Jakobs Tatjana C
Department of Ophthalmology, Massachusetts Eye and Ear Infirmary, Harvard Medical School, Boston, Massachusetts 02114.
Cold Spring Harb Perspect Med. 2014 Jul 1;4(7):a020636. doi: 10.1101/cshperspect.a020636.

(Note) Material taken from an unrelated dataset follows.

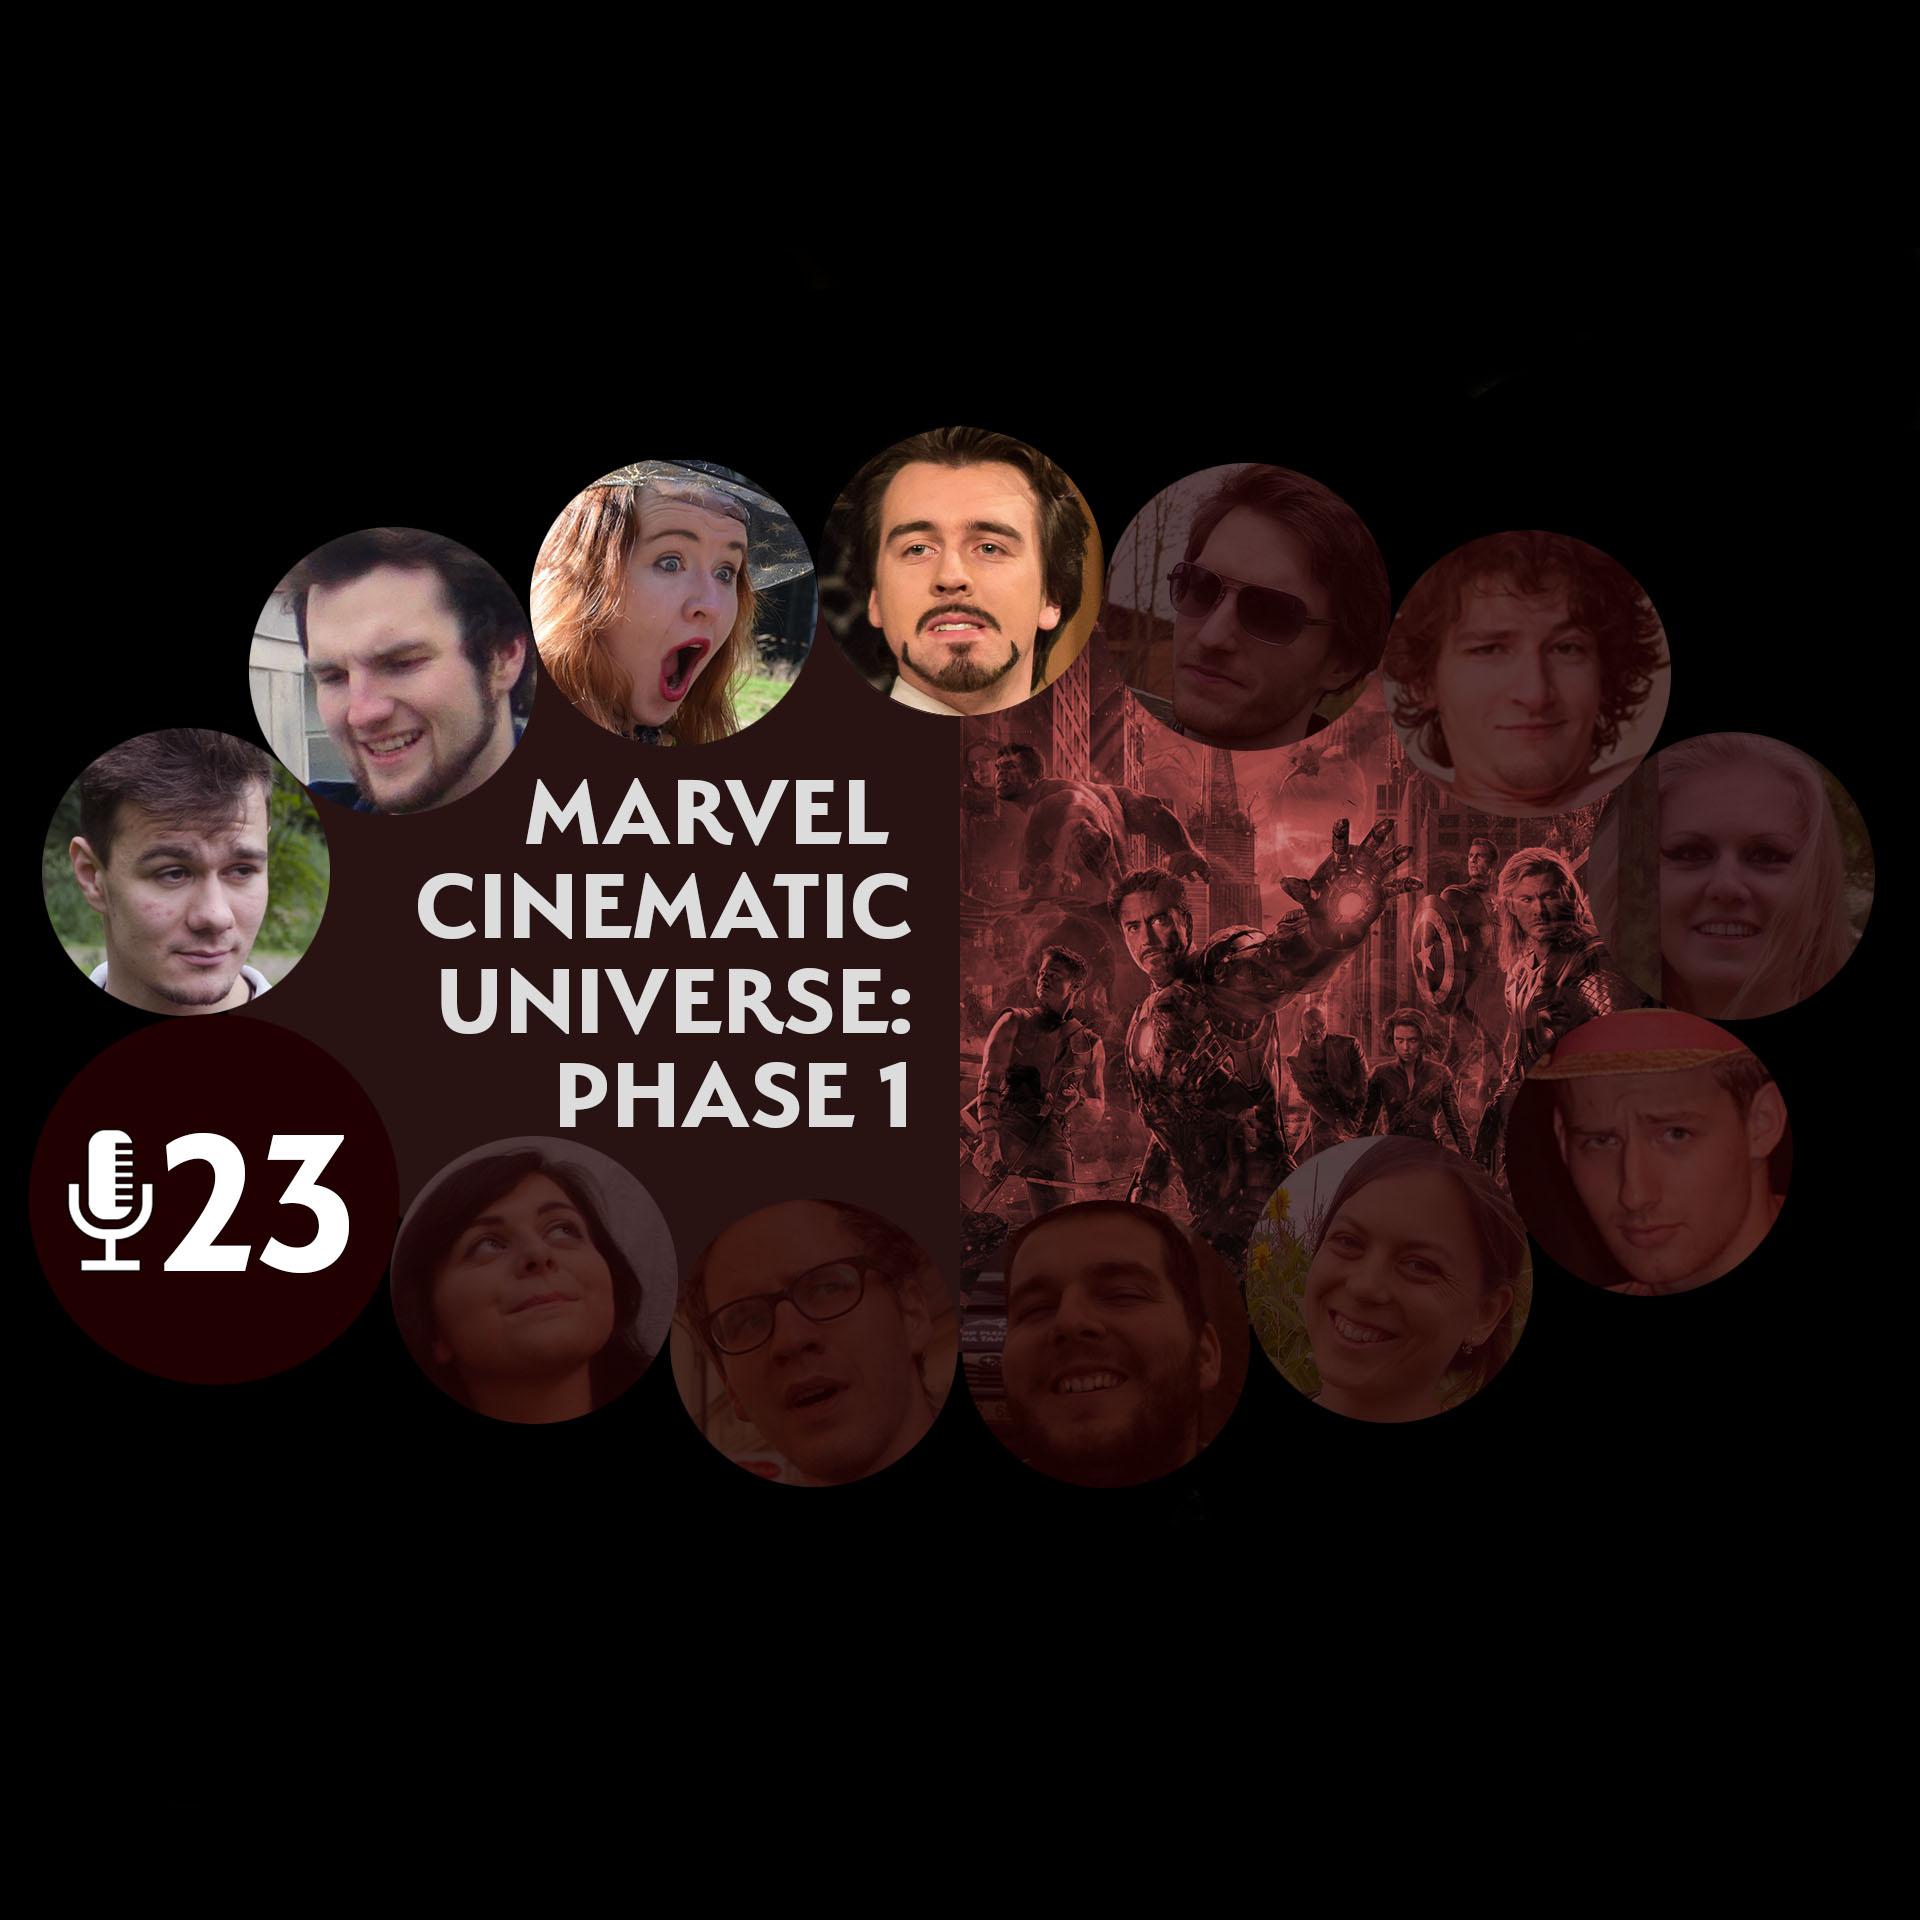 Epizoda 23 - Marvel Cinematic Universe: Phase 1

In glaucoma, regardless of its etiology, retinal ganglion cells degenerate and eventually die. Although age and elevated intraocular pressure (IOP) are the main risk factors, there are still many mysteries in the pathogenesis of glaucoma. The advent of genome-wide microarray expression screening together with the availability of animal models of the disease has allowed analysis of differential gene expression in all parts of the eye in glaucoma. This review will outline the findings of recent genome-wide expression studies and discuss their commonalities and differences. A common finding was the differential regulation of genes involved in inflammation and immunity, including the complement system and the cytokines transforming growth factor β (TGFβ) and tumor necrosis factor α (TNFα). Other genes of interest have roles in the extracellular matrix, cell-matrix interactions and adhesion, the cell cycle, and the endothelin system.

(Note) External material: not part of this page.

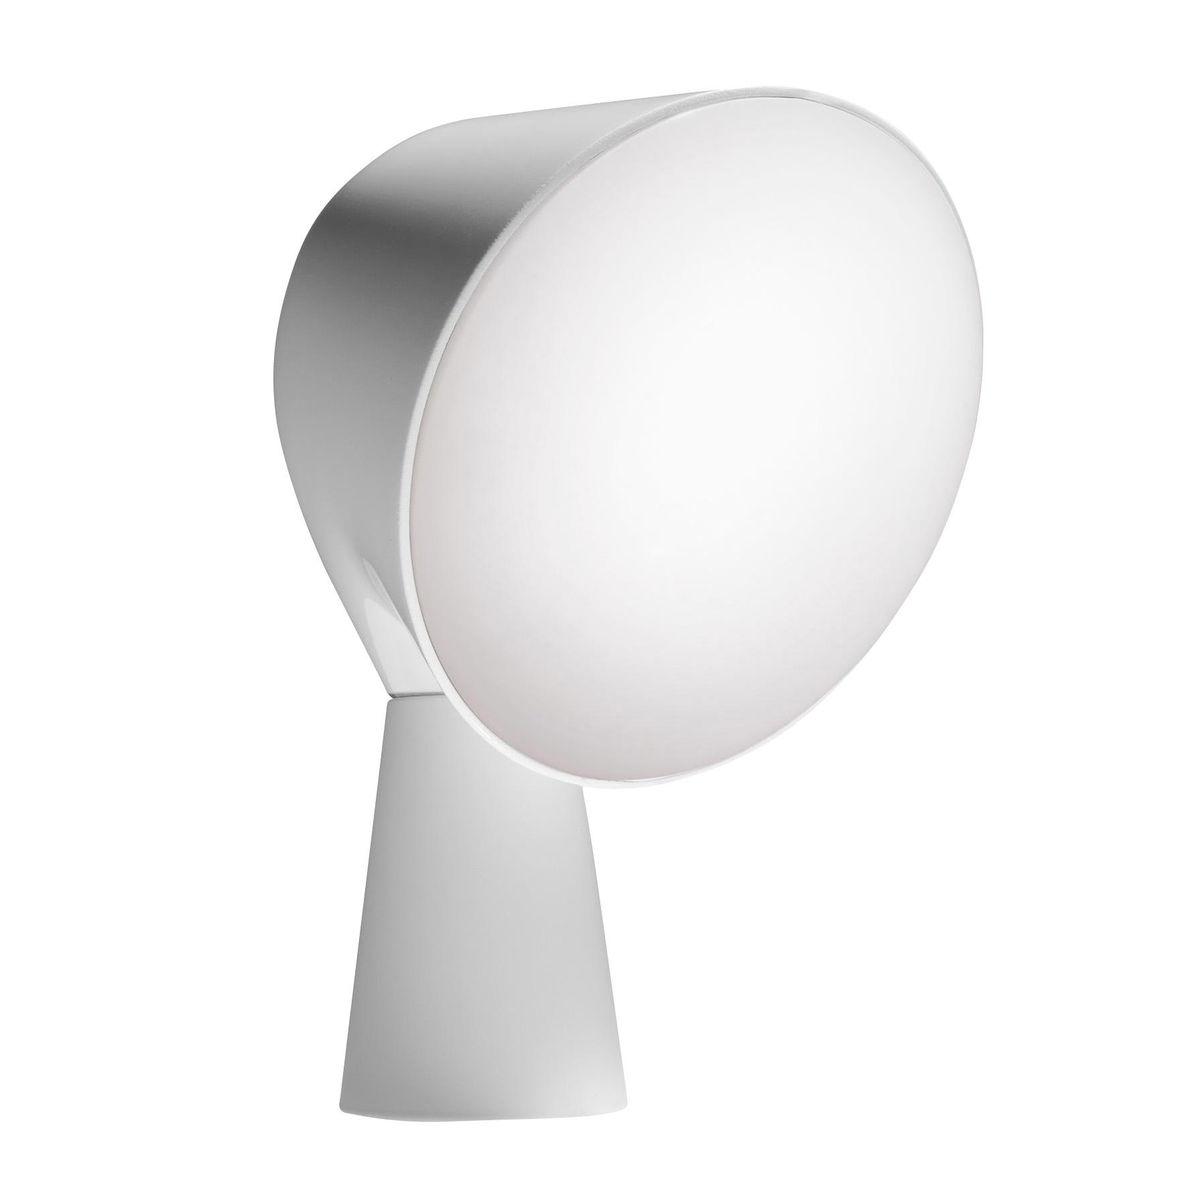 Binic table lamp foscarini ambientedirect foscarini binic table lamp whitelxwxh 14x14x20cm geotapseo Image collections

在青光眼患者中,无论其病因如何,视网膜神经节细胞都会发生退化并最终死亡。尽管年龄和眼压升高是主要危险因素,但青光眼的发病机制仍存在许多谜团。全基因组微阵列表达筛选技术的出现以及该疾病动物模型的可得性,使得人们能够分析青光眼患者眼部各部位的差异基因表达。本综述将概述近期全基因组表达研究的结果,并讨论它们的共性与差异。一个共同的发现是,参与炎症和免疫的基因存在差异调节,包括补体系统以及细胞因子转化生长因子β(TGFβ)和肿瘤坏死因子α(TNFα)。其他受关注的基因在细胞外基质、细胞 - 基质相互作用与黏附、细胞周期以及内皮素系统中发挥作用。